Oakland, CA (USA) -- At Oakland’s Emerson Elementary School, students may not be able to say a public “Our Father,” but they can publicly practice “mindfulness” techniques, adapted from Buddhism, in which “the children learn to follow their breath, watch their thoughts and focus their attention by listening to the tone of a Tibetan singing bowl until the sound is too faint to hear,” reported the July 27 Oakland Tribune.

Emerson Elementary, however, has but one of many such mindfulness programs, the number of which have grown nationwide to more than 100.

One organization that is encouraging schools to adopt meditation practices for students is the Hollywood-based David Lynch Foundation for Consciousness-Based Education and World Peace. The Lynch Foundation promotes Transcendental Meditation, which David Lynch calls a technique for “diving within.” In a message on the Foundation’s web site, Lynch holds out the hope that “someday, hopefully very soon, ‘diving within’ as a preparation for learning and as a tool for developing the creative potential of the mind will be a standard part of every school’s curriculum.”

Children, says Lynch, experience the stress of the world, and, he notes, “there are hundreds of schools, with thousands of students, who are eager to relieve this stress and bring out the full potential of every student by providing this Consciousness-Based education today.” According to the Tribune, the Foundation sponsors start-up programs for Transcendental Meditation at a school in Inglewood and another in Sun Valley. Both schools are publicly-funded.

Meditation practices in public schools have not escaped the vigilance of church-state separationists. In fact, said Edward Tabash, chairman of the national legal committee for Americans United for the Separation of Church and State, the issue could inspire “a coalition between religious fundamentalists and atheists” to fight it.

“It’s not the business of schools to lead kids to inner peace through a spiritual process,” said Tabash, who says he is a secular humanist.

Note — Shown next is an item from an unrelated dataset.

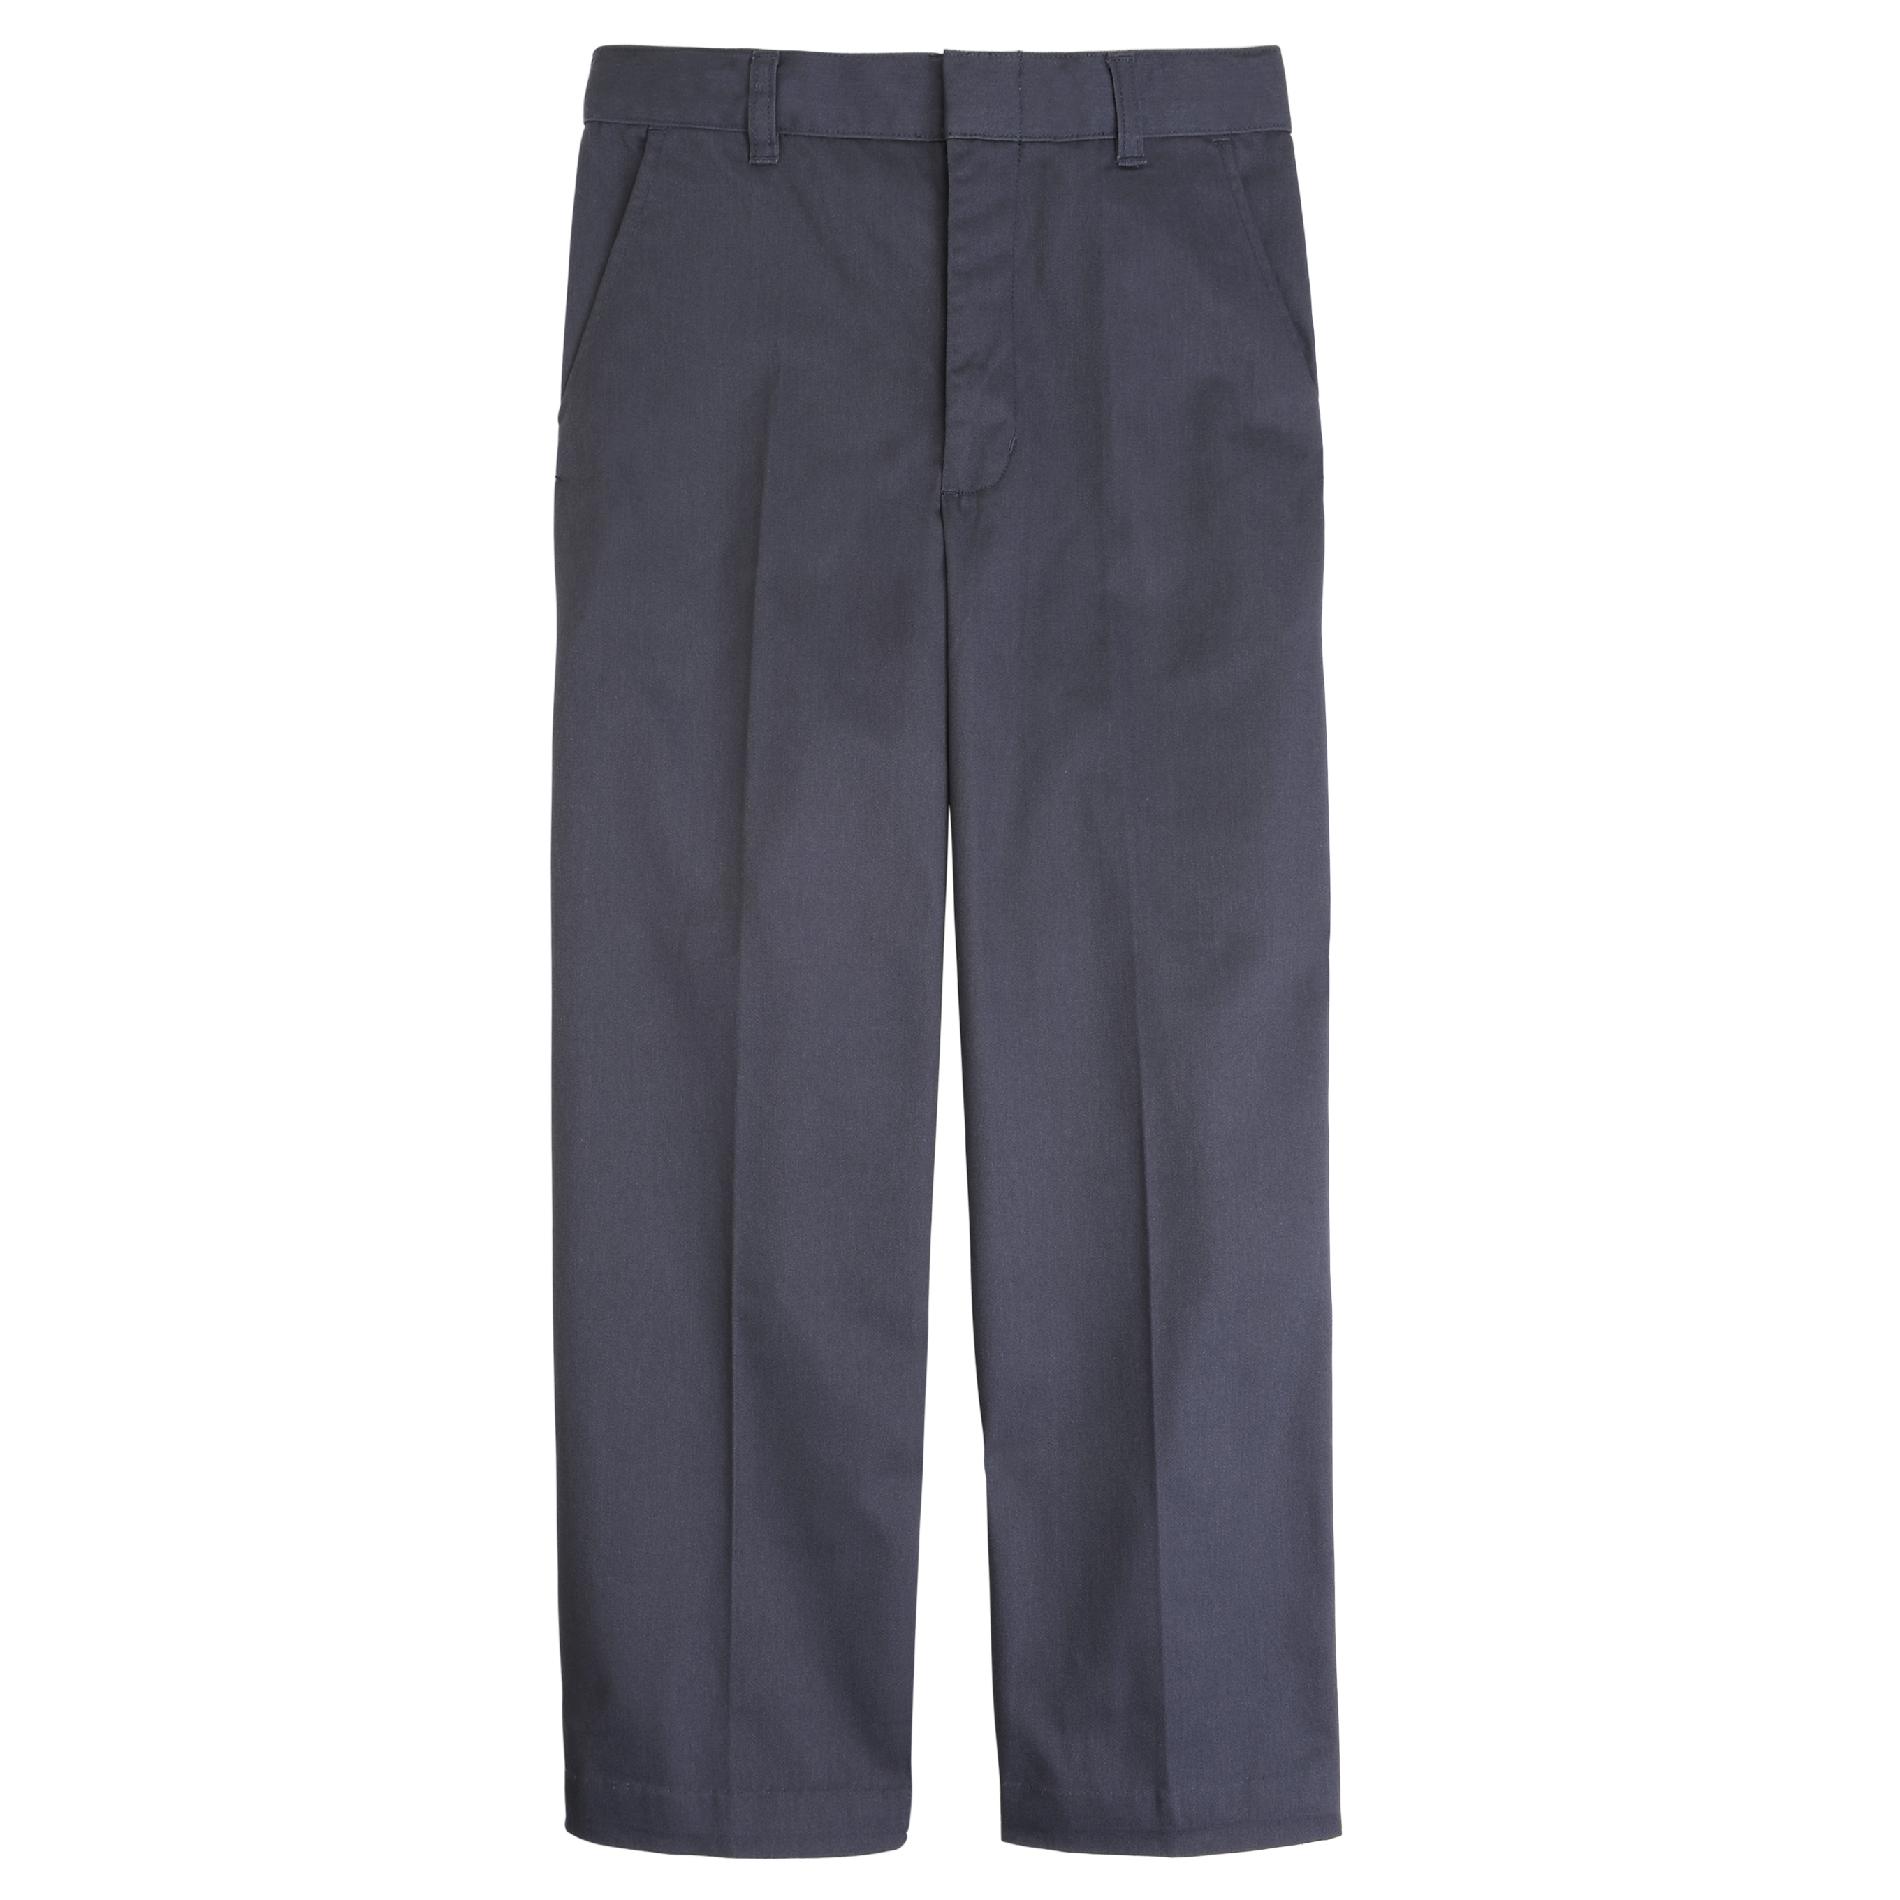 Boys 4-20 Adjustable Waist Double-Knee Pant (Modern Fit) Gray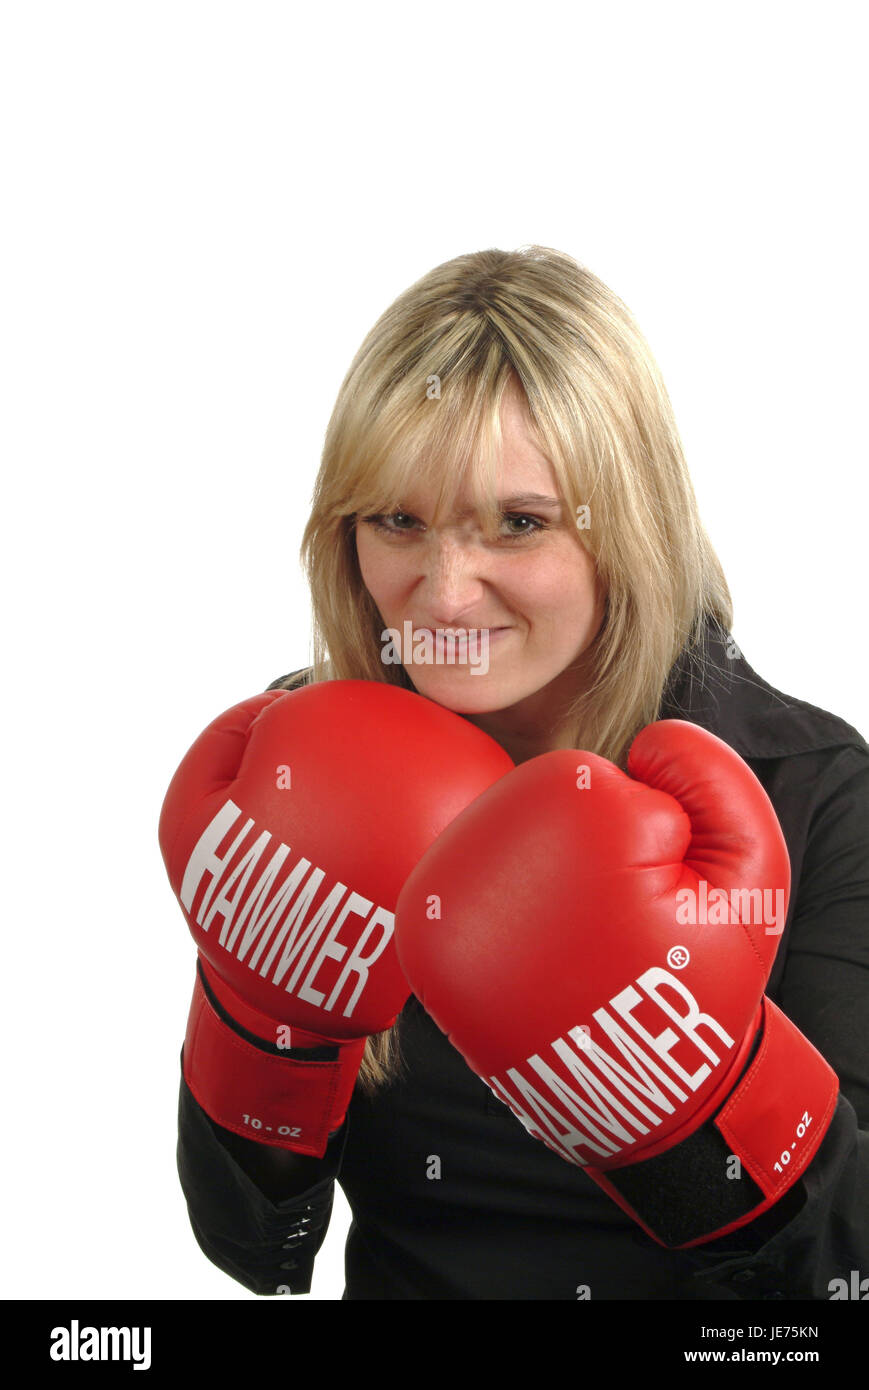 Junge Frau mit Boxhandschuhen Stockfoto

Last October, the David Lynch Foundation withdrew a $175,000 pledge to Terra Linda High School in San Rafael that would have allowed 250 students and 25 staffers to practice Transcendental Meditation. Many parents, however, protested, and the Pacific Justice Institute, a religious civil rights group, threatened to sue the school for violating church-state separation. Though its defenders said the meditation would have been under the auspices of a club, and would thus be permitted under California law, Pacific Justice’s Kevin Snider told the Associated Press, “If it’s religious in nature and it involves faculty, then you would have a problem.”

Proponents of school-based meditation, however, claim that meditation techniques can be separated from Buddhism or Hinduism and so are not in themselves religious. “What’s religious about learning to follow your breath?” said Emerson Elementary principle Wendi Caporicci, whom the Tribune called “a devout Catholic.”